Dans «Cavale», on est agacé par l’irresponsabilité de la junkie; dans «Après la vie», en compassion avec la douleur, la panique suffocante, de cette fille détruite par la maladie. Certaines scènes peuvent même se lire tout à fait différemment. On croit Pascal, le flic ténébreux, amoureux d’Ornella Muti dans «Un Couple épatant», on comprend qu’il n’en est rien dans «Après la vie»; mari volage dans le premier, amant tragique dans le second, c’est pourtant le même homme, au même moment.

Au-delà de sa conception formelle, de quoi parle la trilogie? Même si chaque film met en scène un couple, c’est surtout de solitude que parle Lucas Belvaux. François Morel et Ornella Muti vont droit dans le mur, chacun de son côté, dans leur surenchère paranoïaque.

Solitude de Luca Belvaux, terroriste d’extrême gauche pour qui le monde n’a pas changé depuis la chute du Mur, qui accepte de vivre comme un rat pour continuer à y croire et termine sa trajectoire avalé par la neige. Solitude de Dominique Blanc et Gilbert Melki qui confondent amour et dépendance. Car chacun a sa drogue dans cette trilogie: morphine, pouvoir, sexe, idéal révolutionnaire, confort bourgeois, hypocondrie, jalousie.

Chacun «deale» avec son manque. Dans cette configuration, c’est évidemment Pascal, le flic (Gilbert Melki) qui a la meilleure place; c’est par lui que transite came, informations, secrets.

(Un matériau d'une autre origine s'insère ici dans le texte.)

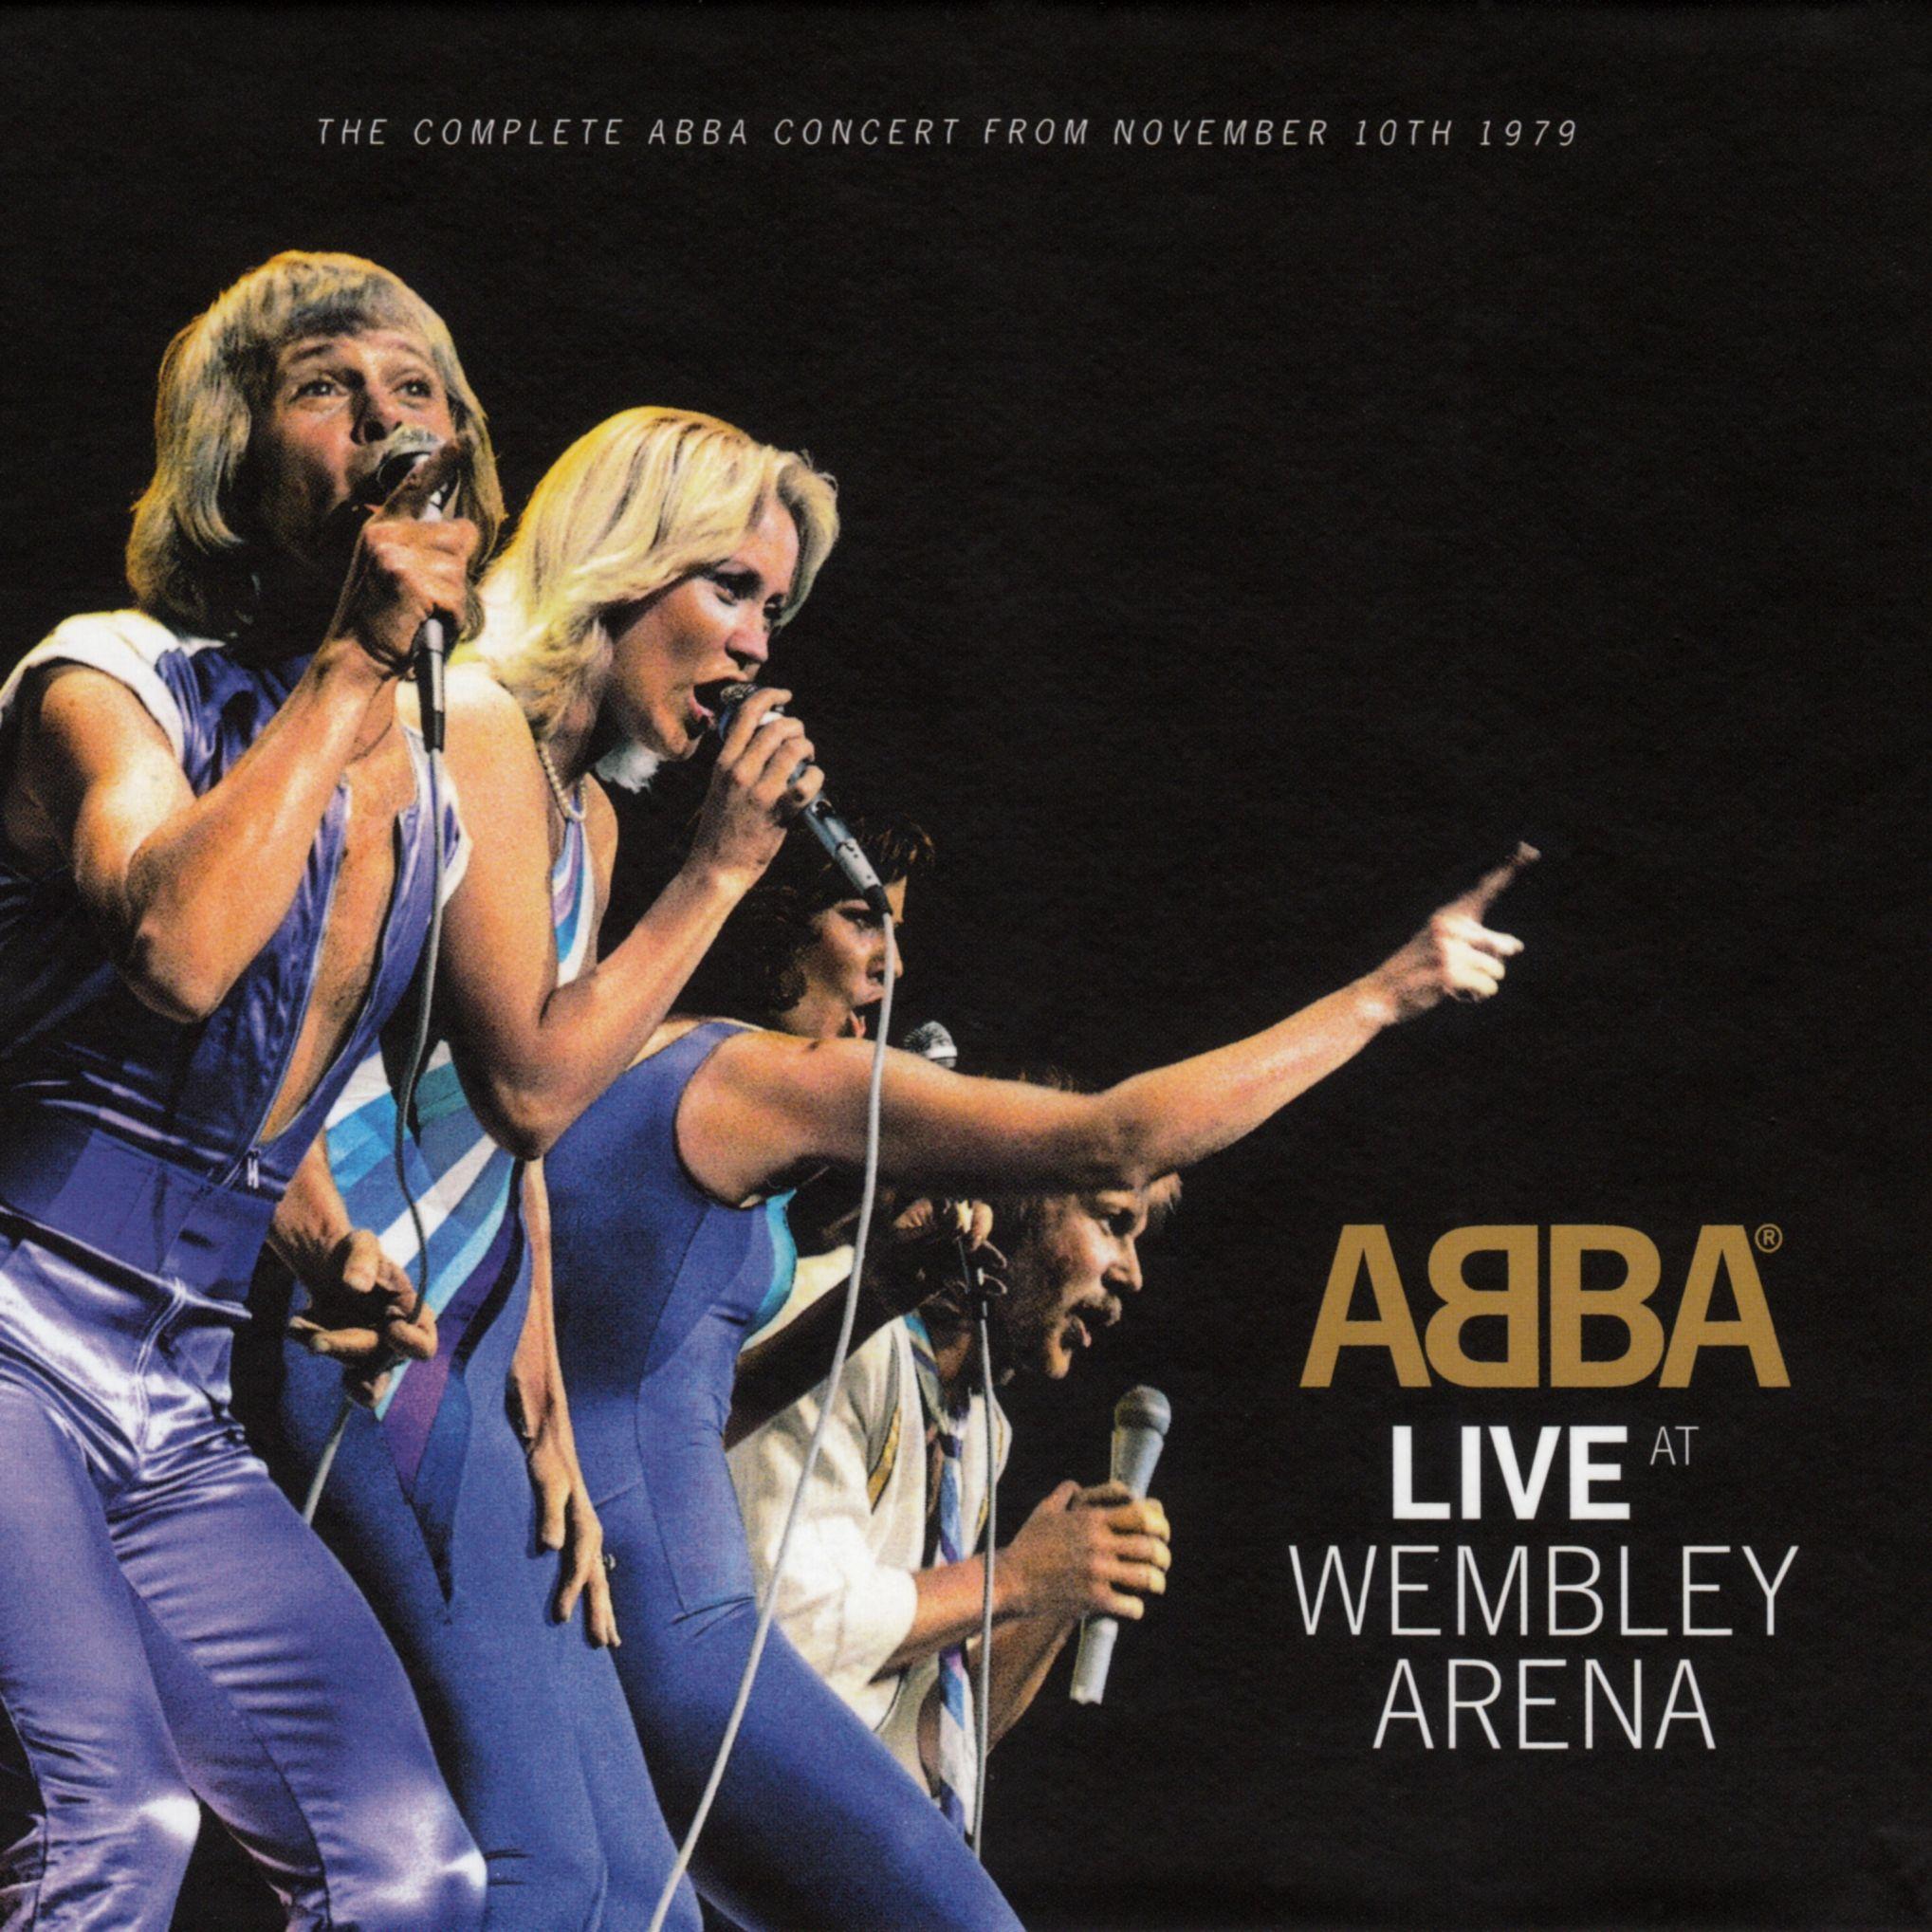 ABBA - Live At Wembley Arena album cover

Par sa fonction — mobilité et surveillance –, il est au cœur des intrigues ou à leur marge, mais toujours là, inquiet et inquiétant, protecteur et dealer. Lui, c’est aux sentiments qu’il se shoote; et pour en obtenir, il est capable des pires trafics.

S’il ne fallait voir qu’un seul de la trilogie, lequel serait-ce?

«Après la vie» qui résout certaines des énigmes posées précédemment mais surtout qui raconte des choses subtiles, violentes, terribles sur l’amour et la dépendance. C’est le plus sombre des trois, mais aussi le plus optimiste; le seul à laisser une porte ouverte à un avenir possible. Lucas Belvaux aime ses personnages, c’est incontestable, mais ne croit plus guère en l’humanité.